Each of those deaths is encouraged because people have given up hope of life. They do not believe that God makes the dead live. Or they’re afraid to believe, because if you truly believe in something it’s inevitable that a call for commitment will follow. And commitment is never the quickest solution, since by definition it means you are in for the long haul.
Once I was tired, & only half way out of the Grand Canyon, it was a constant battle to keep my mind off of how hopeless things appeared. To a woman who’s pregnant & in poor economic circumstances, the situation is a lot more serious than that of a wimpy hiker climbing out of the Grand Canyon.

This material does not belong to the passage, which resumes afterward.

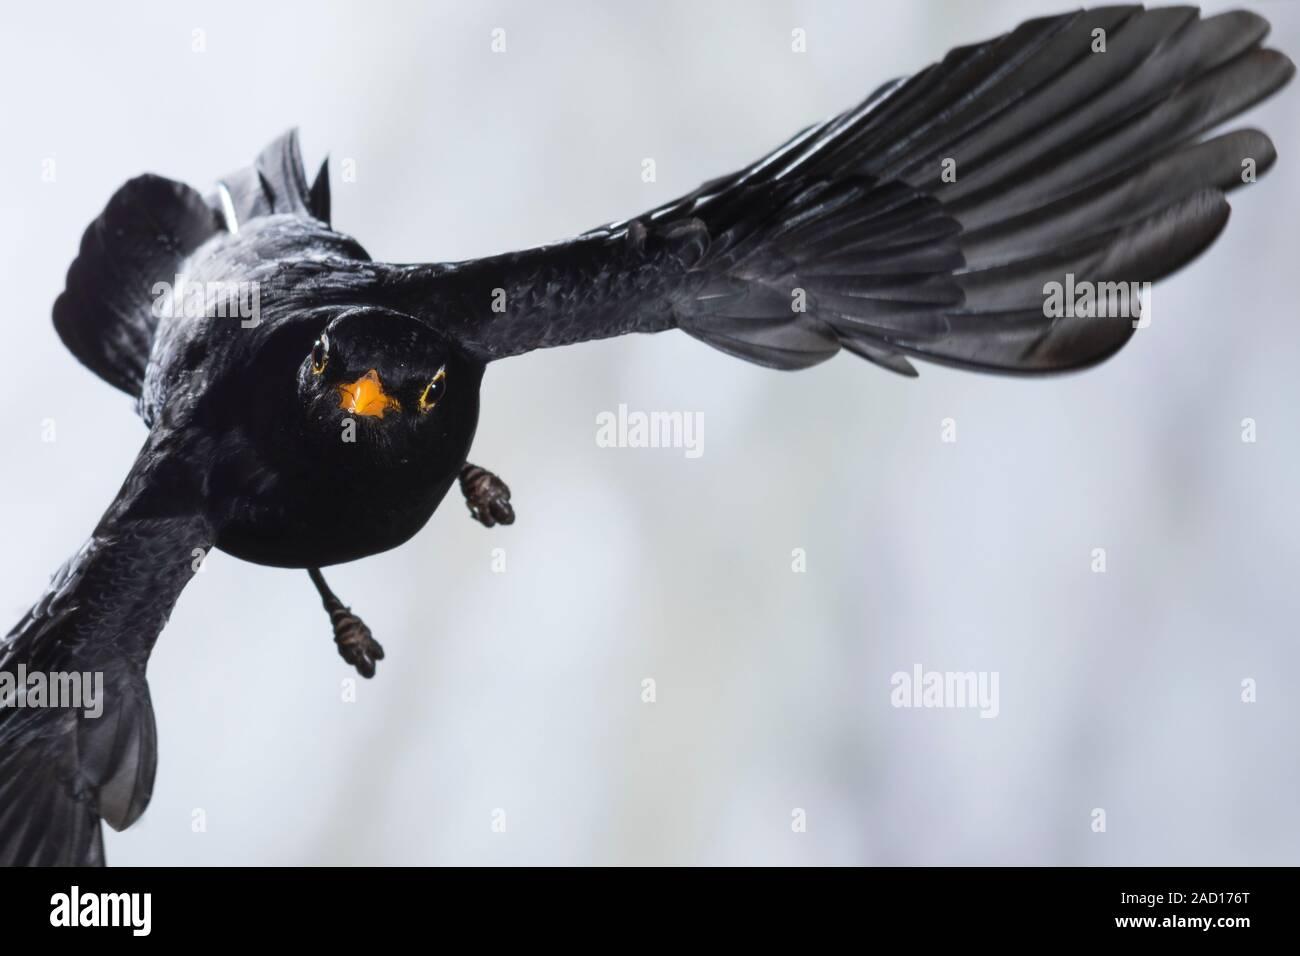 Amsel, Schwarzdrossel, Männchen, Flug, Flugbild, fliegend, Turdus merula, Blackbird, male, flight, flying, Merle noir Stock Photo

To a person struggling with all the issues that come along with a terminal illness, it’s easy to understand how commitment can seem very pointless. To the child whose parent has been in the nursing home & unresponsive for several years, it’s not difficult to sympathize with the fact that they’ve grown weary of the ordeal. With no hope for the future in this life, in a sense,
death has already occurred; at the very least, death to hopes & to dreams. So what’s the point? The point from our text is not that God will always work miracles as He did with Abraham & Sarah. As far as having a child of their own, they were old enough for their hopes to be dead. Abraham was cited for his great faith in that he believed God actually makes the dead to live.
Abraham & Sarah finally did have a child, but not all of our struggles & suffering in this life will have such a happy ending, or such recognizable results. The key to the sermon text for this morning, & to peace in a Christian’s life, is this: In the presence of God, Abraham believed.
Just as my view of how invincible I was had been changed, in the presence of the Grand Canyon, so Abraham was changed in the presence of God. Sarah & Abraham had no logical reason to believe that they would ever have a child. Yet Abraham believed anyway.
Some things you do have to see in order to believe, like the scope of the Grand Canyon. But with the things of faith you have to believe first, & then God will enable you to see. None of us chooses to believe on our own. No unbeliever ever makes a decision for Christ. Faith & belief are always the work of God for only He can create anything pure & holy.
Unbelief can never be the source of good. Unwanted pregnancies, terminal illnesses & taking ten years to die in a nursing home do not occur because of God’s design. They happen in this life because of our sin, not because of our God. Yet He is able to take the evil designs of man & of Satan & turn them for good.
In the presence of God, evil can be changed. In the presence of God, even you can believe. But apart from His presence each & every one of us is lost & damned. And there will be a day in history when every single person will kneel in the presence of God. On that day it will be too late to begin to believe.
Romans 14:11 tells us, “It is written: ‘As surely as I live,’ says the Lord, ‘every knee will
bow before me…’” (NIV) The question you might consider is this: Will you bow to the Lord before it’s too late? PAUSE
In the presence of God, Abraham believed that God makes the dead live. Each & every day of life on this earth, we awake with unbelief & with death in our heart. And they aren’t just lying there dormant. They’re actively at work trying to destroy your soul. Daily they need to be suffocated & drowned, because daily they draw us into sin. Daily we see the ugly result.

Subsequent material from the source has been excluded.